Keenan also supplies ''Lateralus'' with its occasional new, and 
welcome, changes. As always, he's more than happy to pick 
over every mistake he ever made in life and pummel his 
brain senseless in the process. (He's still the overthinking 
man's headbanger.) He makes like he was born to suffer 
in ''The Patient'' and castigates his ''narcissism'' 
in ''Reflection.'' But in a sign that he too is wearying of the 
Tortured Young Man shtick, Keenan appears to be 
reaching out to other people with something other than a 
baseball bat. It's hard to state that as fact; Keenan's lyrics, 
as always, remain elliptical. But ''Parabol'' and ''Parabola'' 
seem to be about lovemaking (''Recognize this as a holy gift 
and celebrate this chance to be alive and breathing,'' he 
sings in the latter). The entire lyric of ''Mantra [sic]'' is ''I love 
you. [sic]'' And the romantic turmoil alluded to in ''Schism'' 
isn't all naysaying: ''Doomed to crumble unless we grow, and 
strengthen our communication,'' he consoles, unexpectedly.

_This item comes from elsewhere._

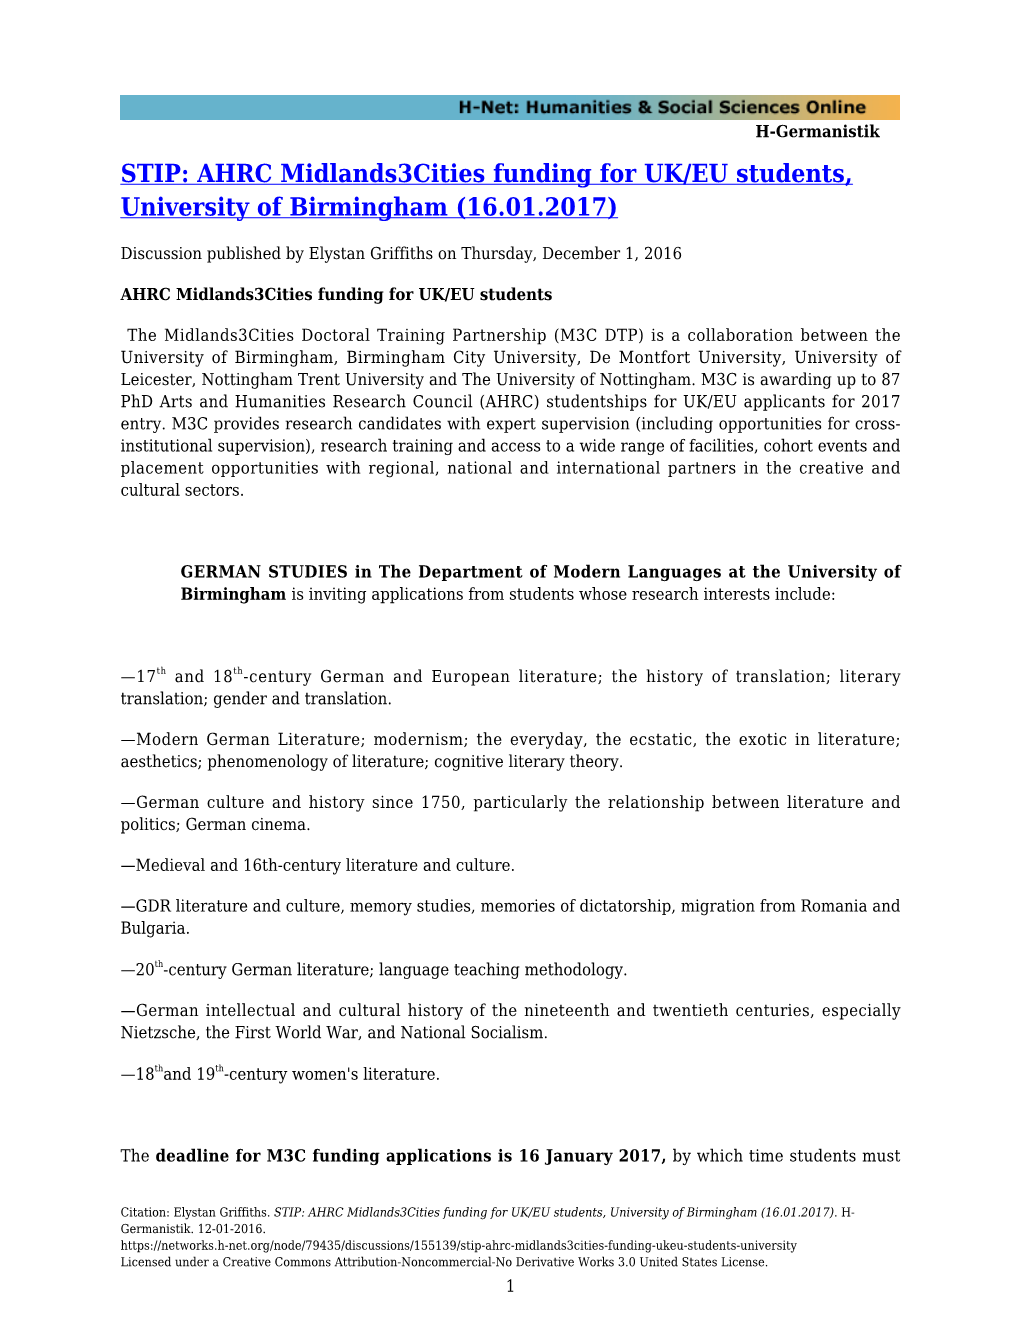 AHRC Midlands3cities Funding for UK/EU Students, University of Birmingham (16.01.2017)

For all of Keenan's explorations, though, ''Lateralus'' 
repeatedly takes one step back. It isn't simply that formula 
is formula. The music has a clean, fluid flow but sounds thin 
blooded and far less visceral -- freeze dried -- next to newer, 
younger Ozzfest regulars, like Staind, who have followed in 
Tool's wake. Also, the band has admitted in interviews that 
the three musicians worked on the tracks while Keenan was 
off touring with side project A Perfect Circle, and the effect is 
noticeable. At times, his generalized musings seem to 
have been grafted onto the slithery melodies at random. As 
much as Keenan wants to break out of his mold, at least to 
some degree, the band keeps pulling him back 
in. ''Lateralus'' leaves you admiring Tool's principles while 
wishing they'd spent the last half decade getting out more.